## TASK TO CARRY OUT
Every line from the one containing "SL 6521 Men's" to the end of the data below should be copied exactly, but pictures should not.

## DATA SEGMENT
= = = =

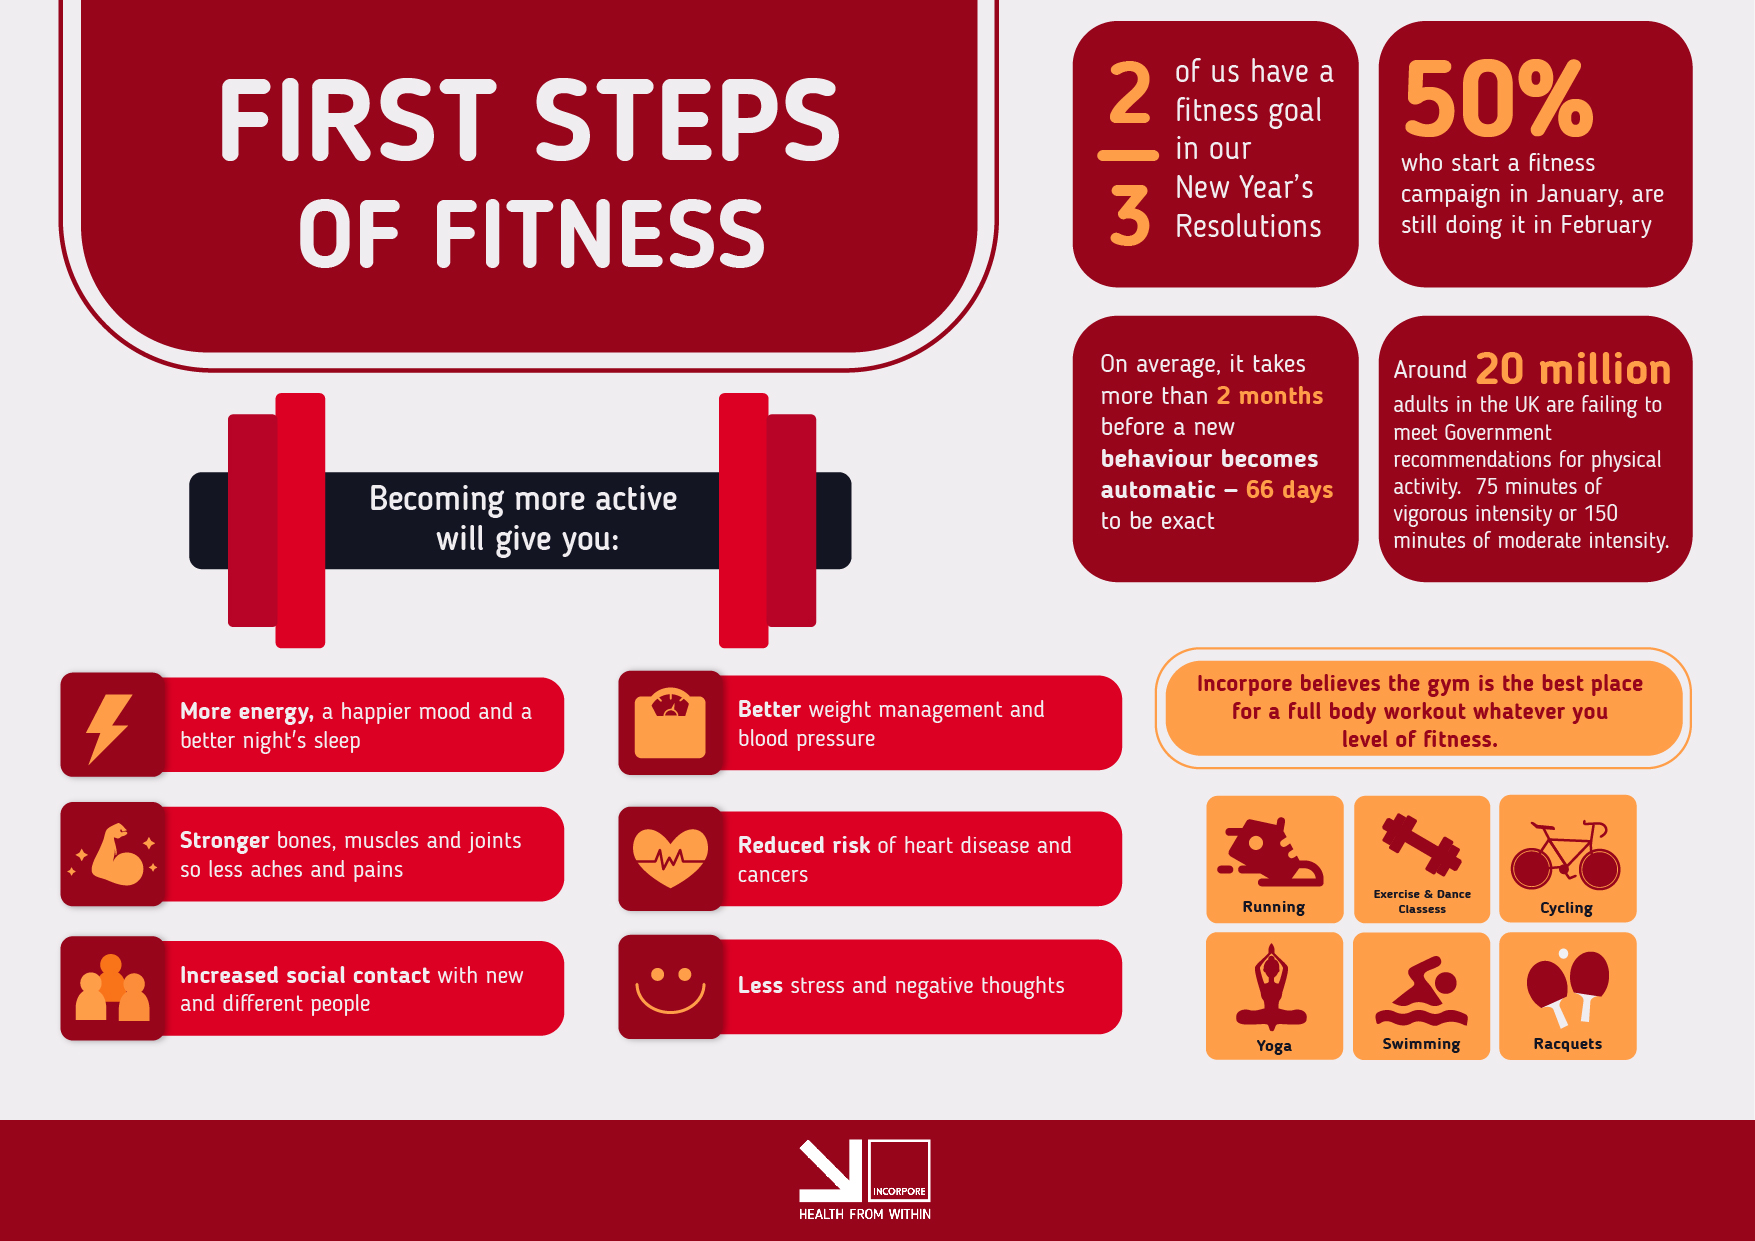 How to Start a Fitness Journey in 4 Easy Steps
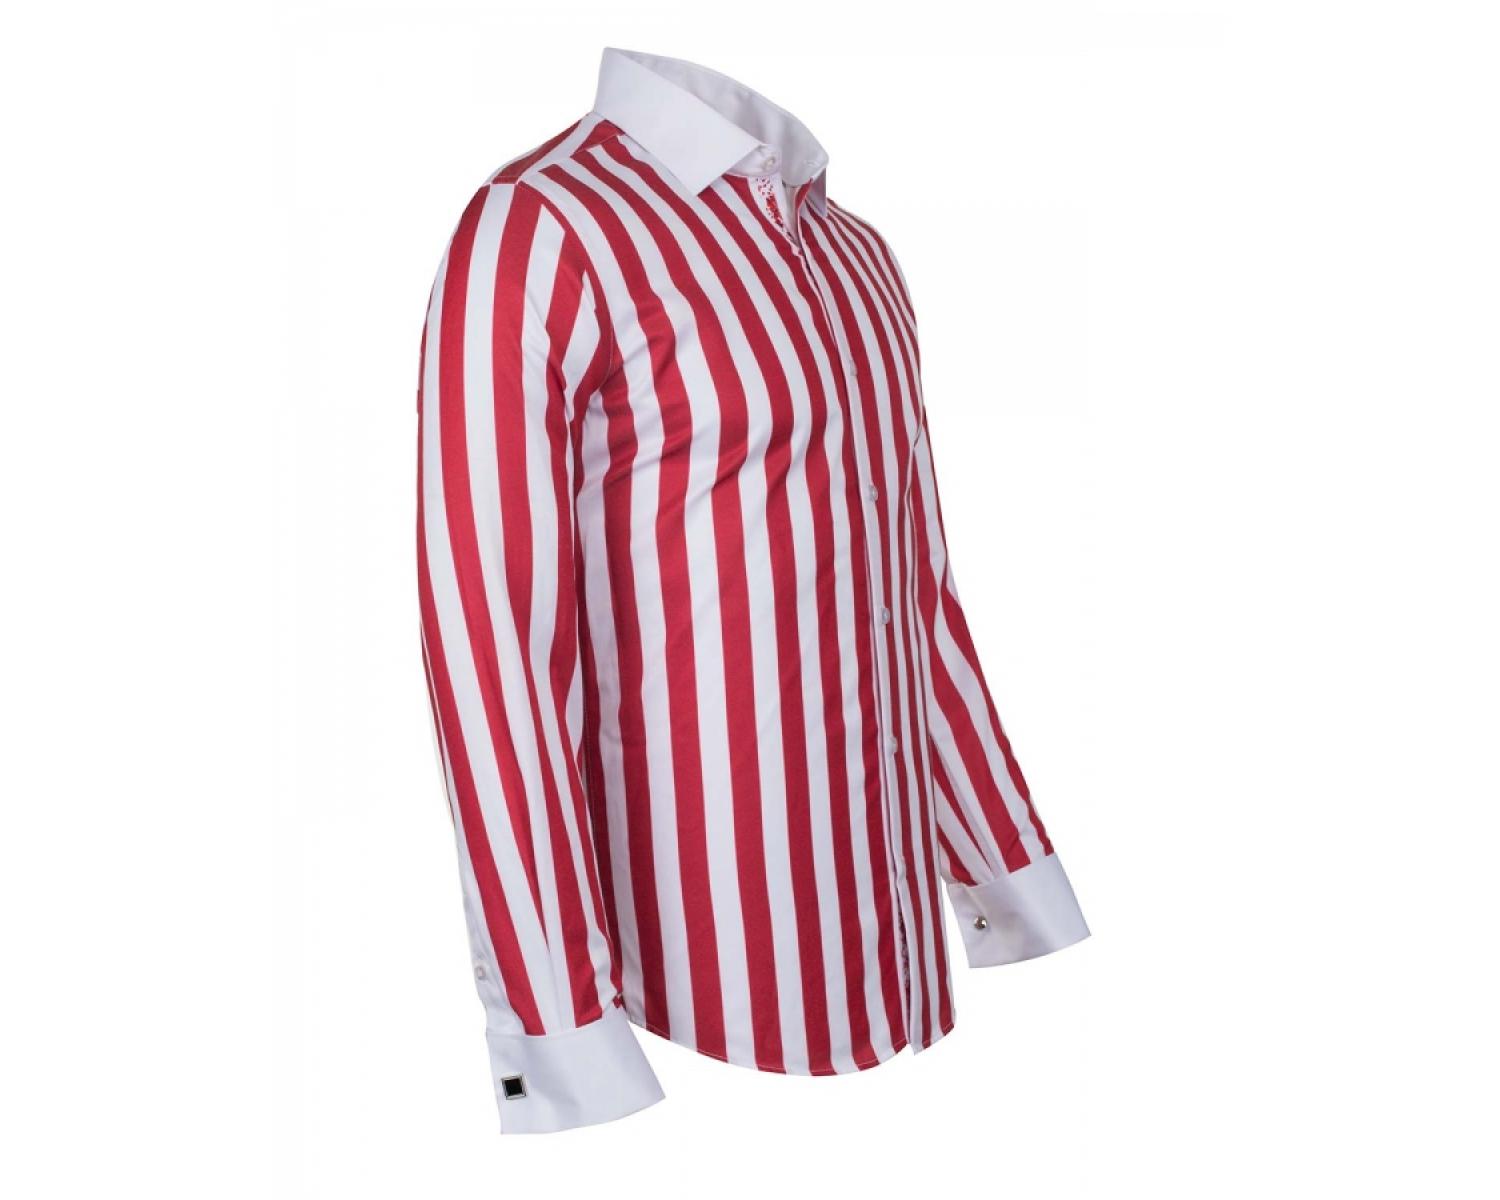 SL 6521 Men's white & red striped double cuff shirt - Quality Designed ...
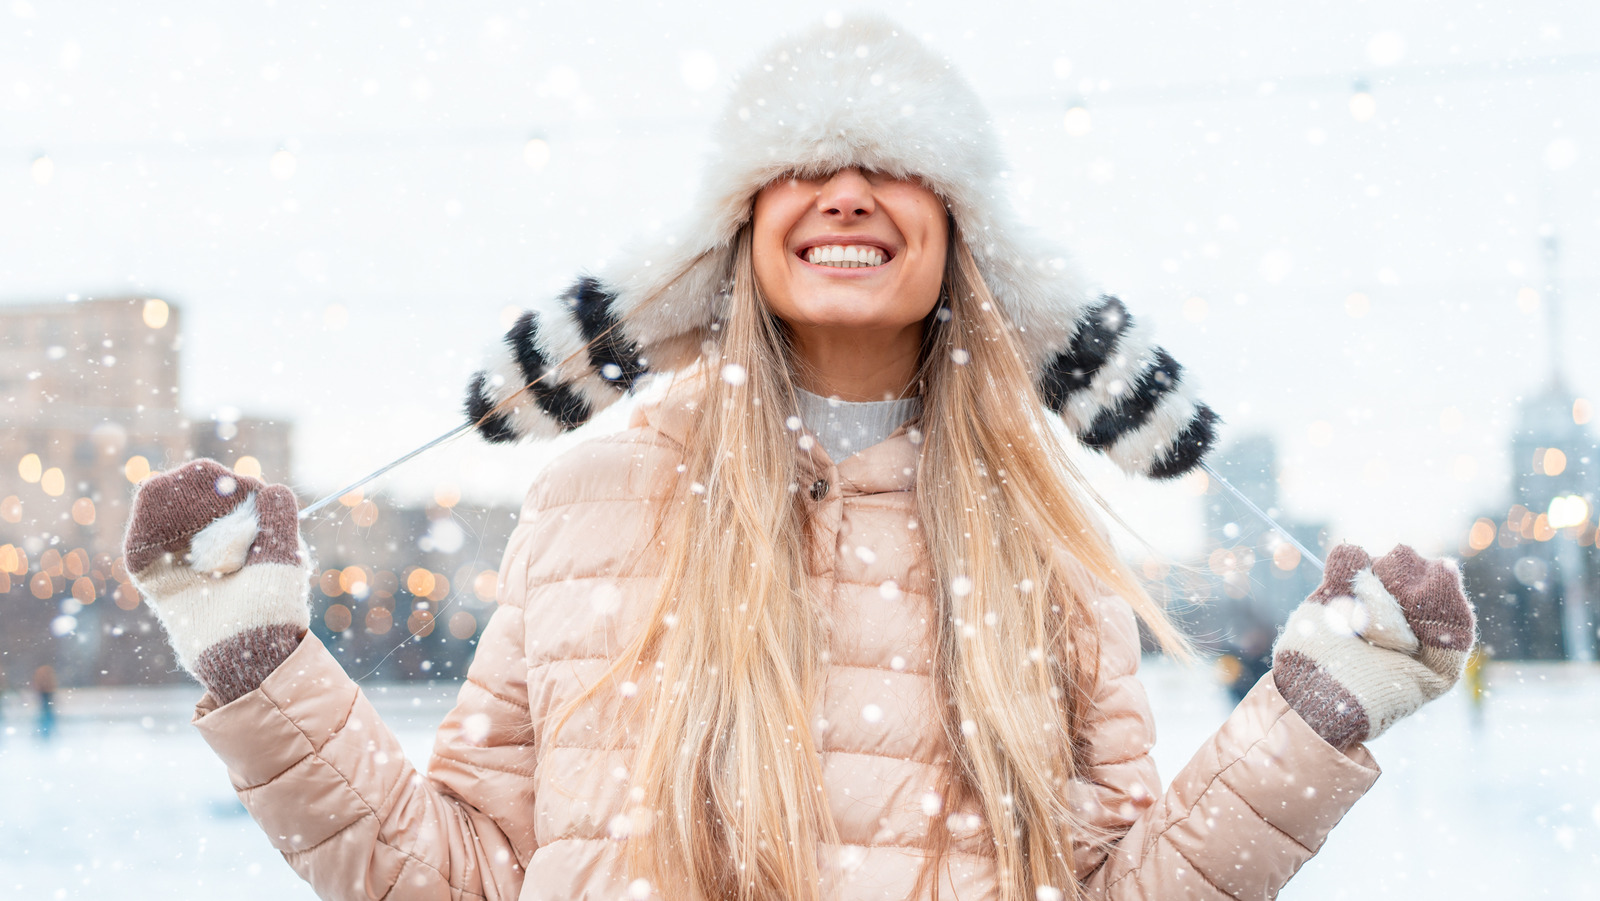 The Winter Fashion Trend To Try Based On Your Zodiac Sign

= = = =

## SOLUTION TO THIS PROBLEM
 SL 6521 Men's white & red striped double cuff shirt - Quality Designed ...
 The Winter Fashion Trend To Try Based On Your Zodiac Sign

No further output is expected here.